Prospective harmonization has been promoted by providing initiatives to include a standard format to collect common variables in future randomized controlled trials RCTs for specific research areas. One example of this is OBEsity Diverse Interventions Sharing – focusing on dietary and other interventions (OBEDIS), an expert-led project stating the minimal variables needed in adult obesity interventions. The “blueprint” provided by OBEDIS allows straightforward harmonization of data from obesity studies, including dietary data (Alligier et al., 2020). It recommends using the EPIC-Norfolk food frequency questionnaire for assessing dietary intake, the Dutch Healthy Diet index for assessing dietary quality, the Dutch Eating Behavioral questionnaire for assessing emotional eating, and a 3-day weighed food record. Having a standard set of variables simplifies data harmonization immensely; thus, researchers performing RCTs should implement such protocols before data collection begins.
Researchers can design questionnaires or study materials in dietary studies ready for harmonization using previously validated global coding manuals and food descriptions. During the harmonization of seven independent population-based surveys in six European countries to create a centralized database, the EURope ALIMentation (EURALIM) coding manual (Beer-Borst, 2000) was used to compare dietary measures across populations (Beer-Borst et al., 2000). Dietary assessment methods may vary across studies, which is a critical challenge to expect during retrospective harmonization. Converting fruit and vegetable intake quantities to frequencies (categorical variables) can help overcome this problem without considering different serving sizes across participating studies. Researchers should take careful measures to ensure interpretability and avoid loss of information after harmonization (Beer-Borst et al., 2000).

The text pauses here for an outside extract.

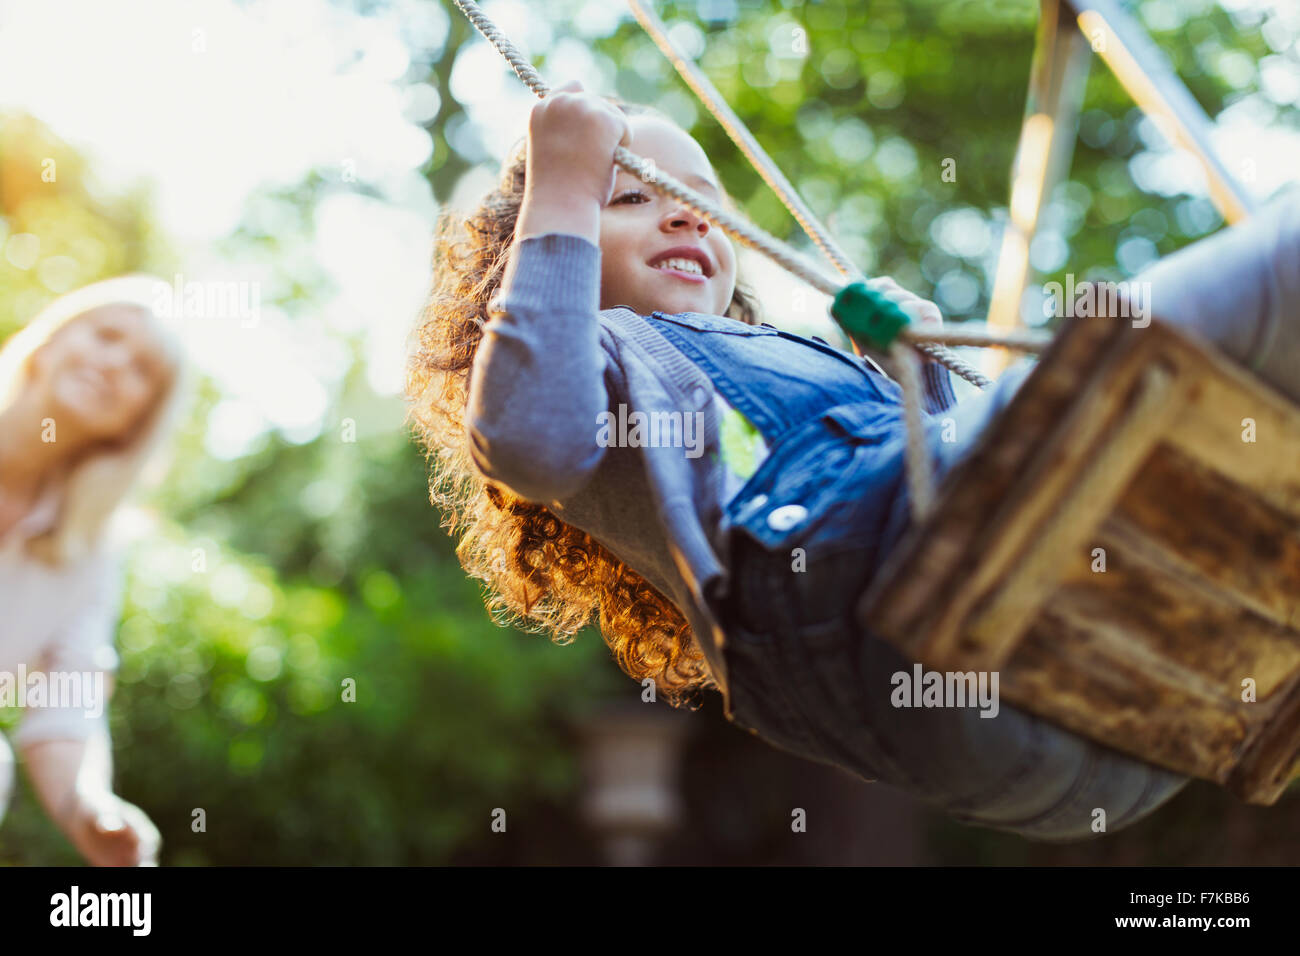 Carefree girl swinging in park - Stock Image

Several large-scale studies have already relied on harmonization practices and may serve as future models. The Environmental Determinants of Diabetes in the Young (TEDDY) study is a prospective, multi-center international study investigating associations between diet and other environmental factors and diabetes (Joslowski et al., 2017). The harmonized acrylamide database was compiled by using values from the E.U. monitoring database of acrylamide concentrations in foods maintained by the Institute for Reference Materials and Measurements (IRMM), which consists of a broad range of food commodities, all analyzed in the lab (Freisling et al., 2013). The national food, nutrition, and physical activity survey were designed to assess Portugal’s population diet and physical activity using data harmonized according to EU-MENU and European Food Safety Authority guidelines (Lopes et al., 2018). Harmonization has also been used to study the relationship between linoleic acid, arachidonic acid, and cardiovascular disease, and also protein and risk of diabetes (Marklund et al., 2019; Sluik et al., 2019).
By making basic information such as data summaries and descriptive statistics available to the collaborators, the coordinating center will control the data and monitor data access. When there was a need to perform more complex analysis in BioSHaRE, the DataSHIELD (Wolfson et al., 2010) method was employed in the R software environment (Doiron et al., 2013) for data transmission through a secure layer. BioSHaRE emphasized the importance of high-level collaboration between different parties to achieve the goals of harmonization. The BioSHaRE project also required the active involvement of study investigators and research center staff throughout the project. Mica-Opal federated framework and DataSHIELD R-package played vital roles in enabling a secured infrastructure that could tolerate computationally extensive tasks. The algorithms used for generating the required variables will vary depending on the agreement between locally available data and the response variables (Schaap et al., 2011).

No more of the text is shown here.